Sermon Text - I, Jonah: "Saved by the Ichthus" Sermon #3 of 7

Text: Jonah 1:17-2:10

Coming now to the third sermon in this series on Jonah.

Jonah, the prophet who said "no" to God.

Jonah, the prophet who ran from God.

Keep in mind that Jonah is a prophet of God.  In familiar Christian lingo, he is "saved."  He has been raised right.  He knows God.  He knows God's Law.  He is a good Jew.  And yet, he shows himself to be a miserable failure when it comes to living out his faith.  He knows the right things to say, but that's about it.  He knows that God expects him to love his neighbor just as he loves himself; but he won't do that.  He knows Samuel's famous words to King Saul, "Behold, to obey is better than sacrifice, and to listen than the fat of rams." (1 Sam. 15:22 ESV); but he doesn't seem to care.

Consequently, Jonah pays for his sins as we saw in last week’s sermon; the judgment is being thrown overboard into the waves of the stormy Mediterranean Sea where he will drown.  This is real justice.  You sin, you pay the price.

However, Jonah gets something else, something that exceeds his expectations.  Instead of drowning, the LORD appointed a great fish to swallow up Jonah.  And Jonah was in the belly of the fish three days and three nights. (Jon. 1:17 ESV).  He opens his eyes expecting Sheol, the place of the dead.  …But he is still alive!  He thought God wanted him dead.  But, for some reason, God has shown him mercy!

I used to think that the great fish was part of the judgment from God.  After all, that’s a pretty disgusting thought, getting swallowed whole by a fish!  But it is the fish that actually saves Jonah’s life even though he deserved death.  The great fish is an instrument of grace from God.  Jonah did not deserve grace – but then again, that’s the point of grace in the first place!  Grace is simply undeserved.  Grace is gratuitous.  Grace is in the end, unexpected favor.

For some reason, God determines to show mercy…and Jonah recognizes it for what it is.  His prayer/psalm of praise in 2:2-6 recognizes the goodness of God in saving him.  "I called out to the LORD, out of my distress, and he answered me; out of the belly of Sheol [the sea, not the belly of the fish!] I cried, and you heard my voice.  For you cast me into the deep [judgment!], into the heart of the seas, and the flood surrounded me; all your waves and your billows passed over me.  Then I said, 'I am driven away from your sight; yet I shall again look upon your holy temple' [i.e. I will return to the land of the living].  The waters closed in over me to take my life; the deep surrounded me; weeds were wrapped about my head at the roots of the mountains.  I went down to the land whose bars closed upon me forever [death]; yet you brought up my life from the pit [of death into the safety of the belly of the great fish], O LORD my God." (ESV).

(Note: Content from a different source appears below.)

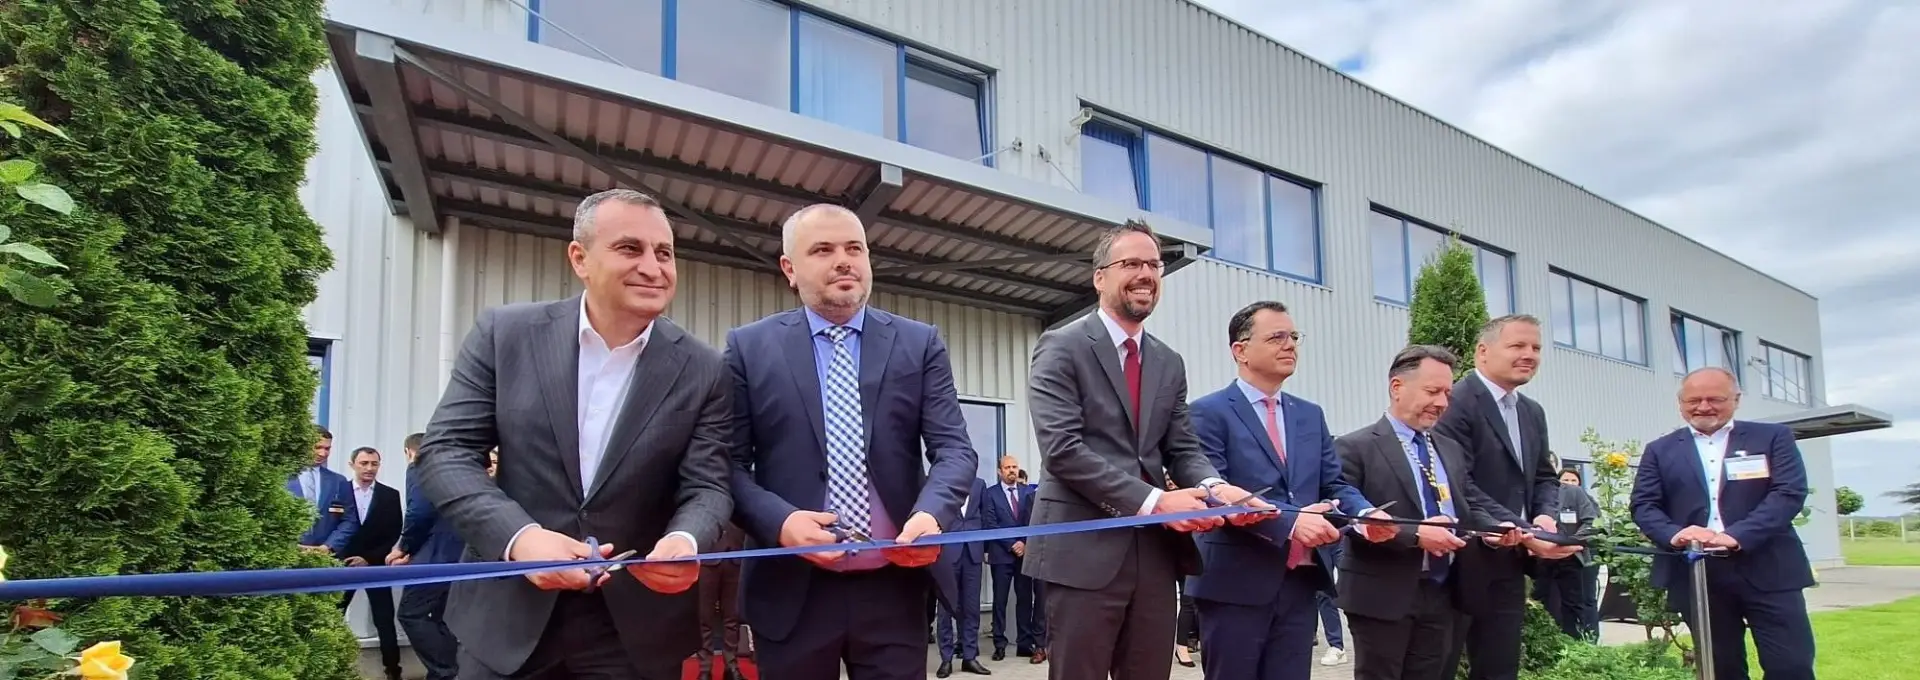 Foto FOTO. S-a inaugurat fabrica Hengst Filtration din Balș, lider mondial în producţia sistemelor de filtrare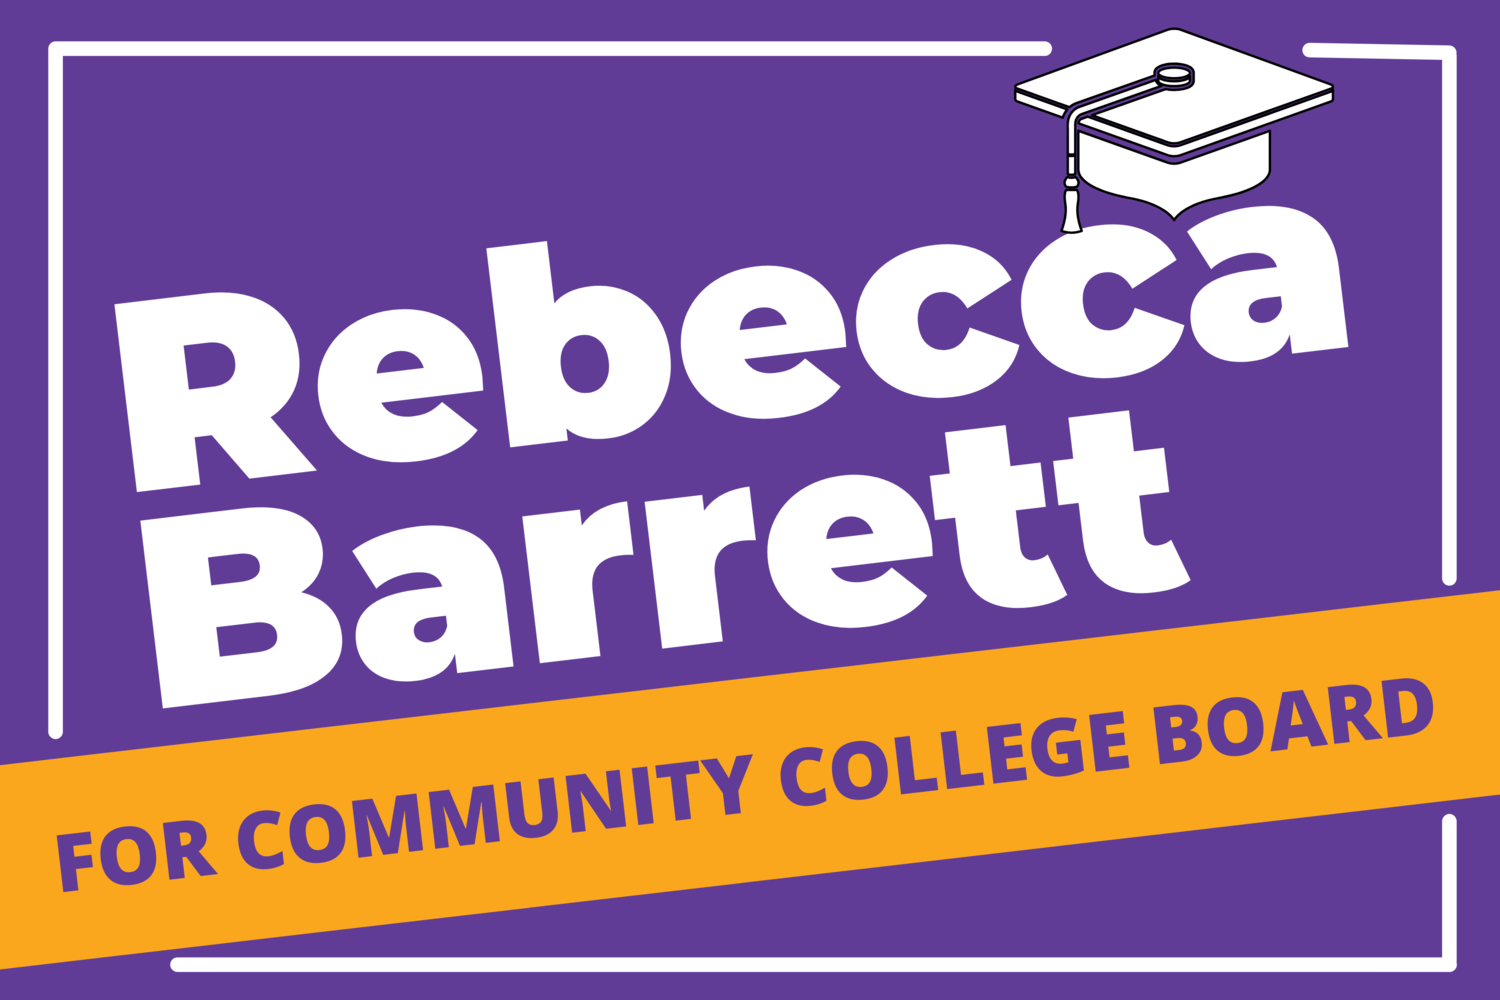 Rebecca Barrett for Community College Board 2022

That’s the good.  This is the bad and ugly:  Jonah continues, "Those who pay regard to vain idols forsake their hope of steadfast love.  But I with the voice of thanksgiving will sacrifice to you; what I have vowed I will pay. Salvation belongs to the LORD!" (Jon. 2:8-9 ESV).  A little of the old Jonah comes through here.  O Lord, you have saved me.  But those foolish sailors above; how futile in their thoughts and hearts?!  Those pagan fools.  But, I will serve you forever, my God, for you are indeed Lord of all.

Note well the good, solid theology there:  Worshipping other gods is a terrible affront to a holy God.  And, Salvation [really does] belong to the LORD!  But, his heart still seems far removed from God.  Jonah is willing to give God thanks for sparing his own life; but he doesn't seem to extend that wish that for anyone outside Israel.  He is thankful for the grace in his life; but still (here in the belly of salvation!) seems to begrudge it for anyone else.  What a mixed bag this guy seems to be!

And yet, and here's the bottom line: God still preserves him alive and gives him another chance at life.  As we heard a little earlier in the kid's Veggie Tales clip, God is the God of second chances!  And so it says, the LORD spoke to the fish, and it vomited Jonah out [safe and sound] upon the dry land. (Jon. 2:10 ESV).

The heart of God is on display in his dealings with a reluctant, angry rebellious prophet.  If justice were done, Jonah would be dead, the compensation for his sin.  But Jonah found grace in the eyes of the Lord.

Far too often, this message of God's grace gets muddled in the debates over the fish.  Did a great fish really swallow the prophet?  Come on now, you can't really believe that now?  How could he survive?  That just doesn't happen.

Well, as far as that's concerned, how realistic is it to say that God came to us as a baby, wrapped in human flesh?  That kind of defies all categories of the way the world works.  God becoming one of us and dying for us to deal with our sin.  What’s up with that?  And yet the Christian church has for centuries unashamedly and boldly professed that Jesus is a man and yet God.  It works the other way around too:  Jesus is God, and yet a man.  How about Jesus dying for our sins?  Taking it even further; people don't rise from the dead when they are really dead, do they?  And yet, saints down through the ages have placed their hope in the reality of the historical, in space and time, resurrection of Jesus and the promise that he only the first fruits of many more to come.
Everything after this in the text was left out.